A l'instar d'un Splinter Cell, le joueur a le choix entre plusieurs chemins pour atteindre le même objectif. La théorie ne s'applique pas à chaque fois, mais il est assez amusant de voir que l'on sélectionne - inconsciemment - la méthode la plus compliquée en se tordant les doigts sur la manette, à tous les coups."

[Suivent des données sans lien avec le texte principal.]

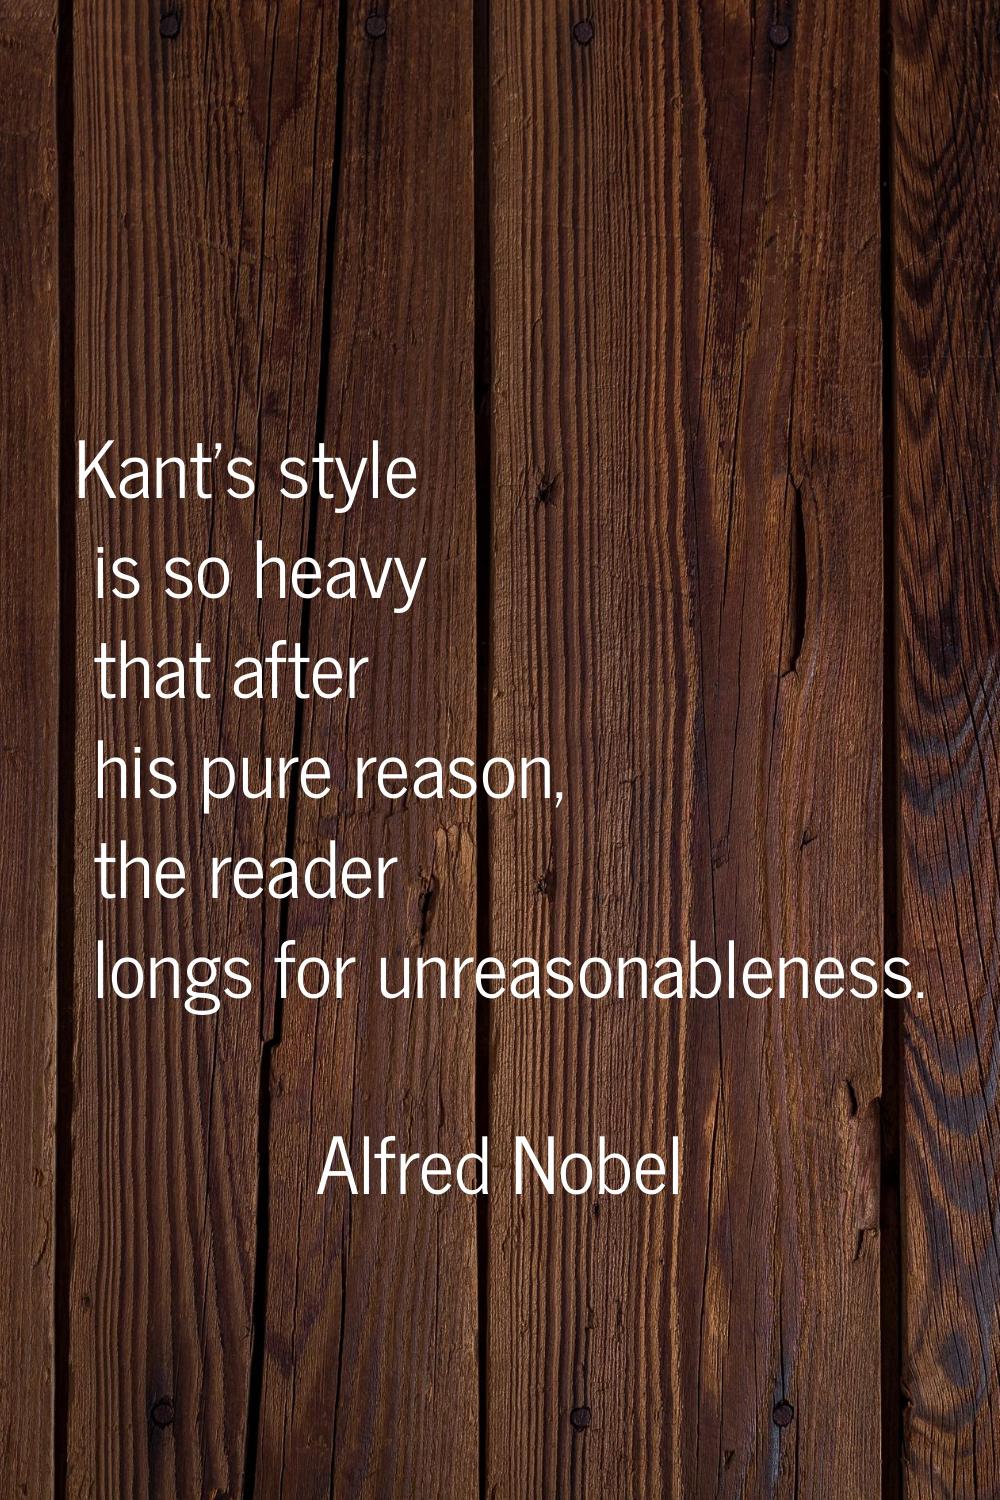 Kant's style is so heavy that after his pure reason, the reader longs for unreasonableness.

Mirror's Edge n'est pas à confondre avec un FPS pur et dur - Battlefield : Bad Company au hasard - et introduit les fusillades d'une tout autre façon. Munie d'une santé de nouveau-né, Faith a tout intérêt à courir plus vite que les balles pour ne pas se faire coller un headshot au sniper. Le combat à proprement parler apparaît donc comme l'ultime recours dans Mirror's Edge, et les premières tentatives sont assez explicites à ce niveau là. Deux droites bien placées suffisent à envoyer la petite dans le coma, et à peine trois cartouches sont nécessaires pour retrouver l'ambiance gunbarrel des James Bond. Par ailleurs, il faudra de longues secondes à Faith pour reprendre ses esprits et panser ses blessures, un détail qui a son importance lorsque l'on est dans l'urgence. Au corps à corps, on pourra toujours essayer de caloter l'adversaire avec quelques crochets, mais c'est le désarmement qui se montrera le plus efficace finalement. Cela se passe via un pseudo-QTE en gros, pendant lequel il faudra attendre que l'arme du bandit clignote en rouge pour presser Y / Triangle, et exécuter ainsi une projection neutralisante. Classe. Ce qui l'est un peu moins par contre, c'est que l'on ne peut compter que sur les munitions qui se trouvent dans le chargeur du moment pour se défendre. Frustrant et excitant à la fois en fait. Il ne faudra pas chercher l'exploit dans l'I.A. en tout cas, les soldats se positionnent strictement de la même façon, et il reviendra au joueur de choisir lequel éliminer le premier pour poursuivre sa route. Si les affrontements directs sont facultatifs au départ, ils deviennent obligatoires par la suite, ce qui fait singulièrement grimper le nombre d'échecs et le taux de frustration. Vous voilà prévenus. Enfin, comment ne pas évoquer le thème principal de Mirror's Edge interprété par Lisa Miskovsky, ainsi que l'ambiance sonore du jeu en général qui est de bonne facture. Du bon travail qui rattrape un état de Grâce (Faith peut ralentir le temps pour mieux attaquer ses ennemis) anecdotique.